* Recorded information:
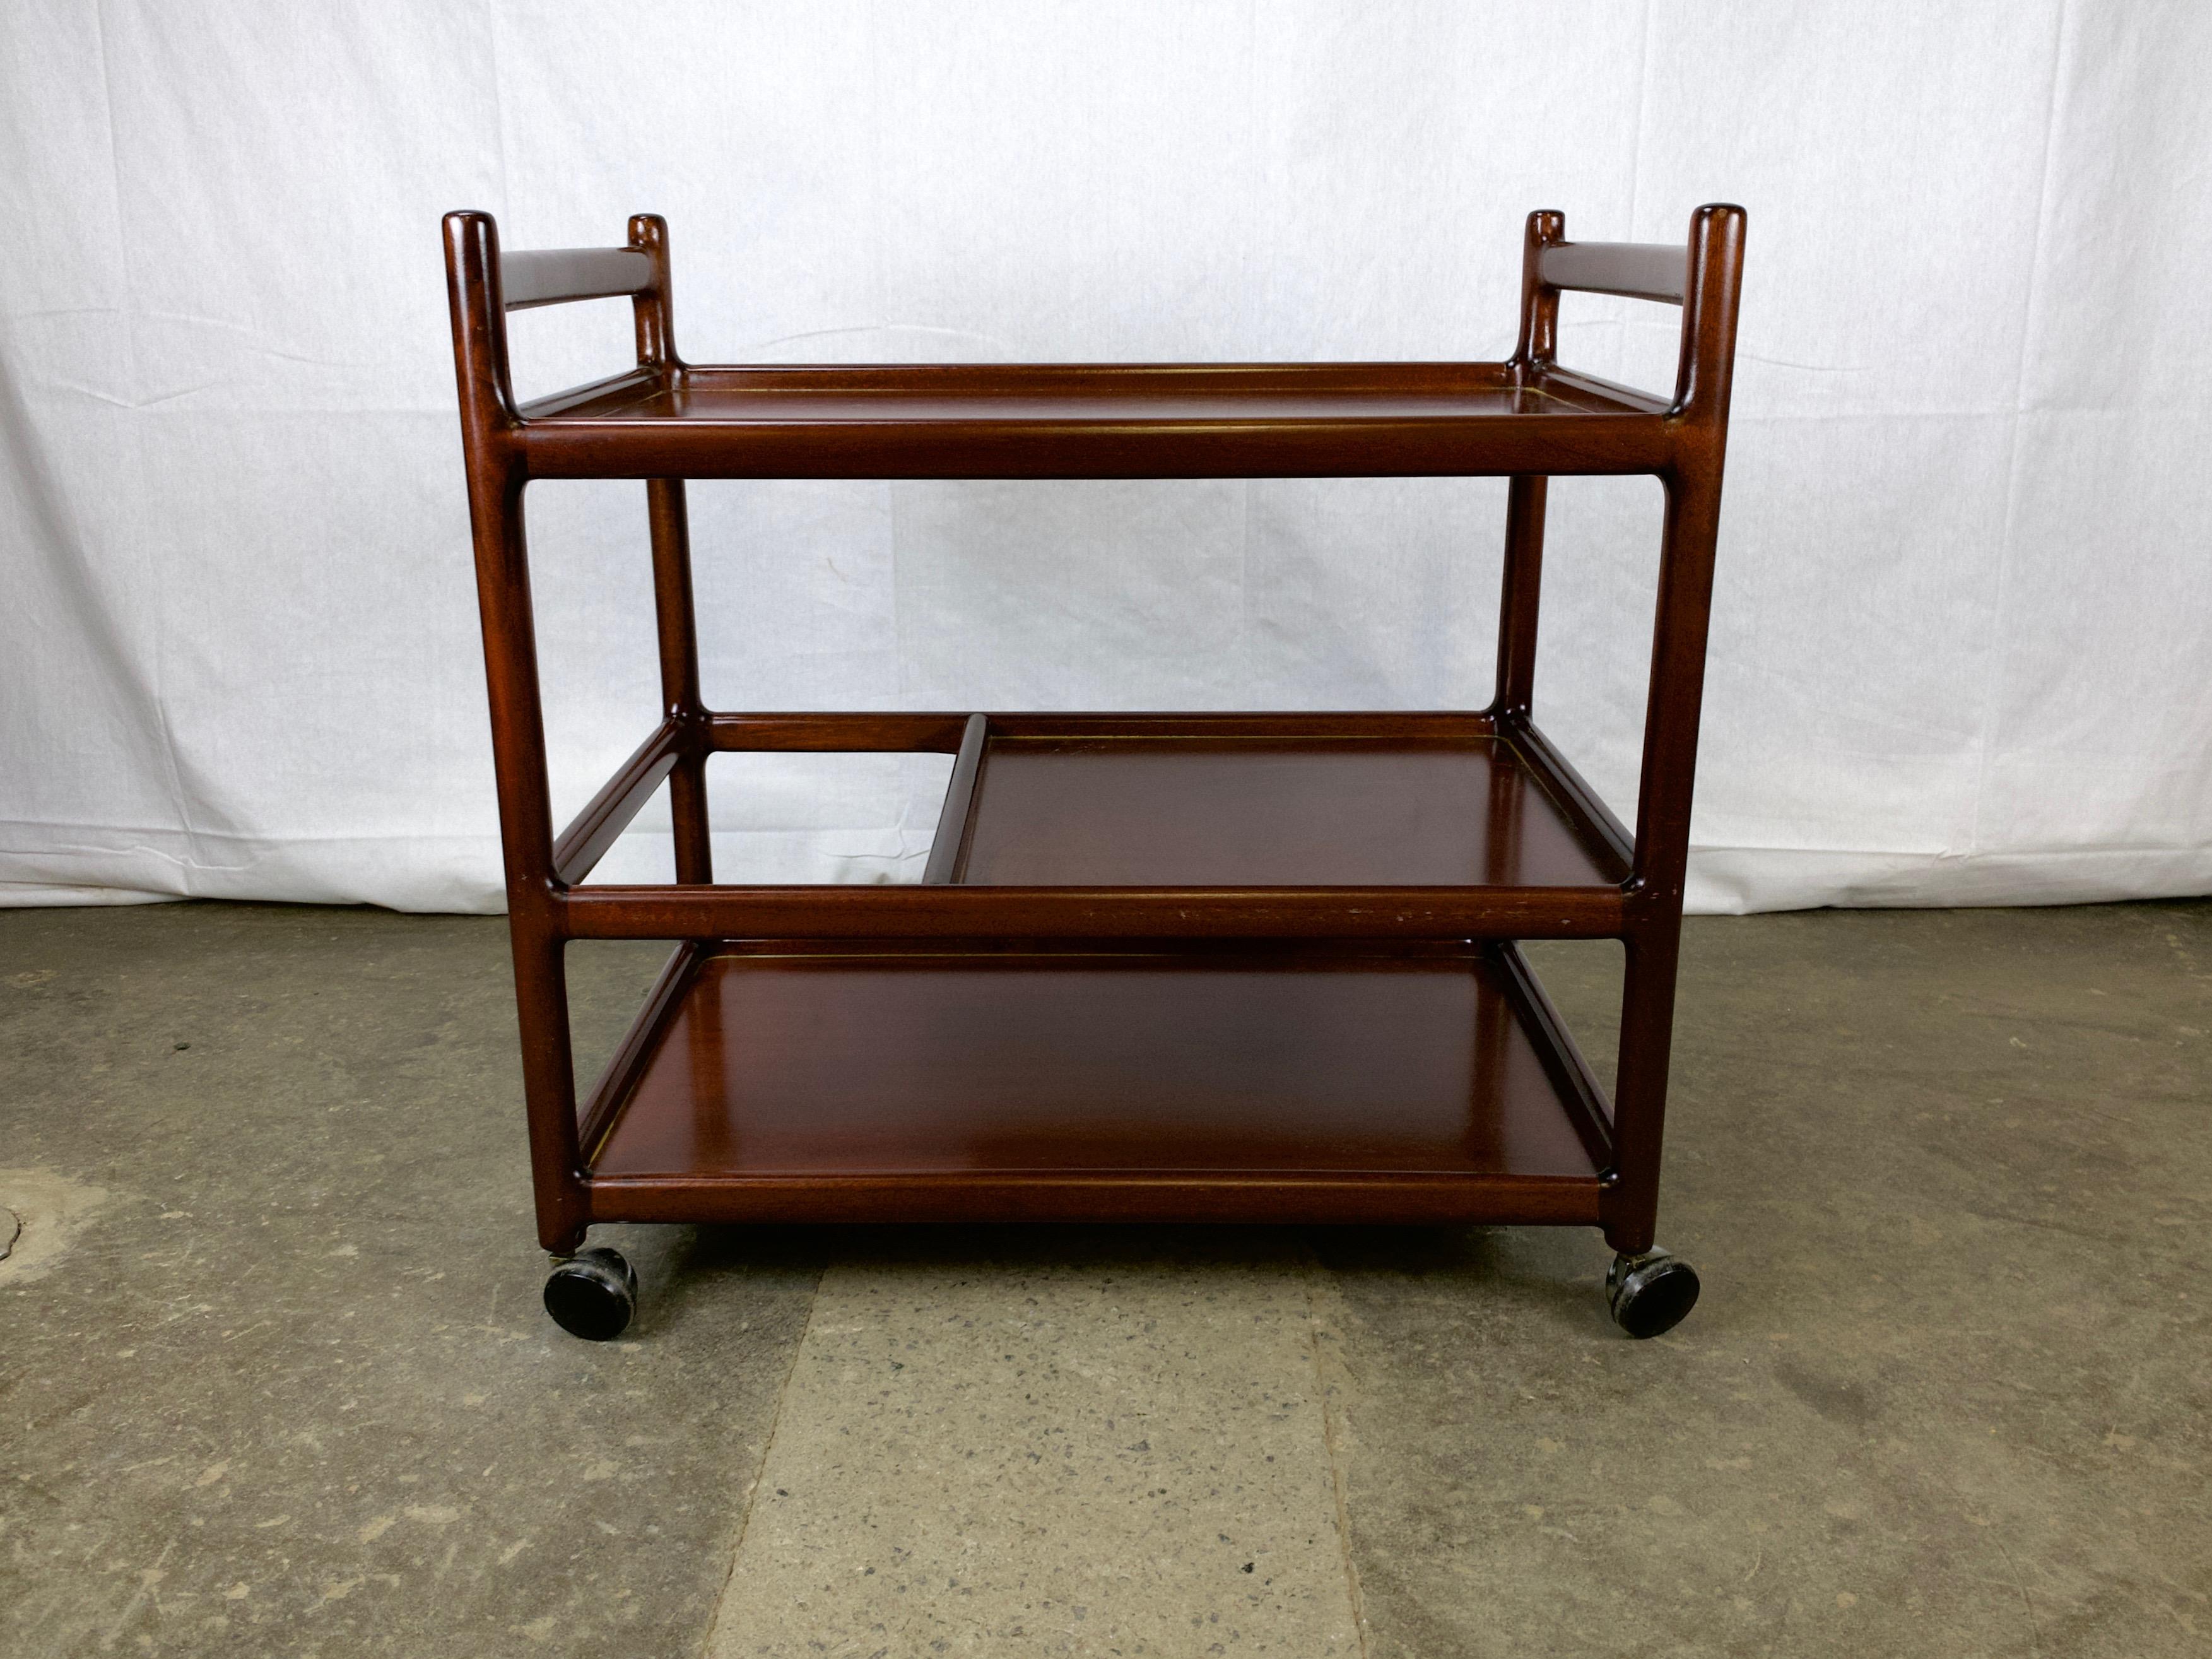 Tea trolley or bar cart designed by Johannes Andersen and made in Denmark by CFC Silkeborg. The frame is solid mahogany in a deep rosewood stain.

The cart features the graceful curves that are typical of Andersen's work, as the horizontal rungs
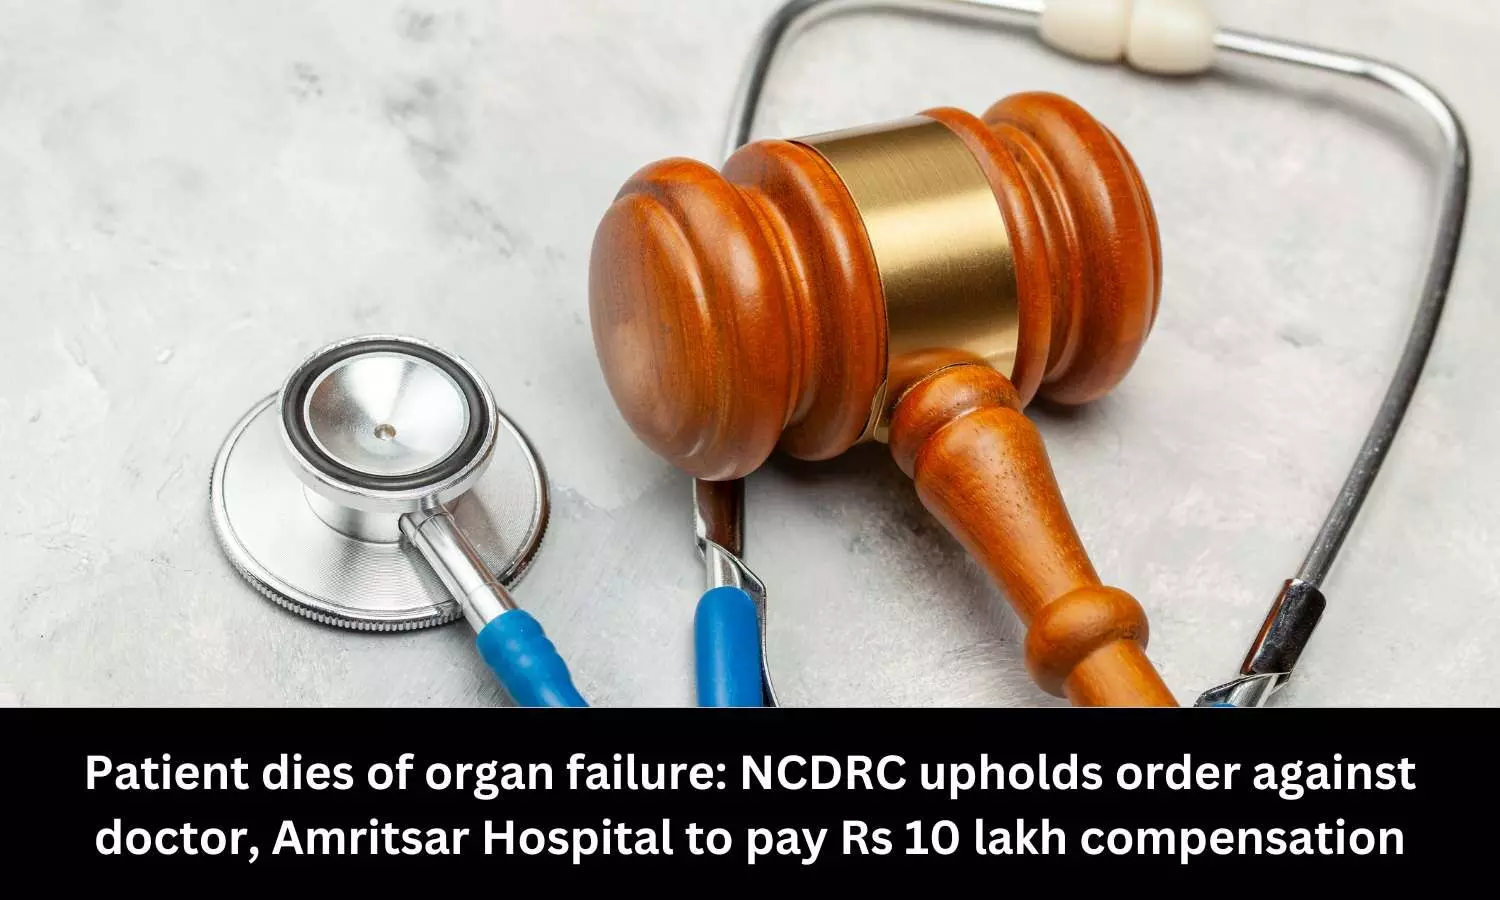 Patient dies of organ failure: NCDRC upholds order against doctor, Amritsar Hospital to pay Rs 10 lakh compensation

* Your task:
Could you retype the whole listing word for word, minus its pictures?

* Output:
 Tea trolley or bar cart designed by Johannes Andersen and made in Denmark by CFC Silkeborg. The frame is solid mahogany in a deep rosewood stain.

The cart features the graceful curves that are typical of Andersen's work, as the horizontal rungs
 Patient dies of organ failure: NCDRC upholds order against doctor, Amritsar Hospital to pay Rs 10 lakh compensation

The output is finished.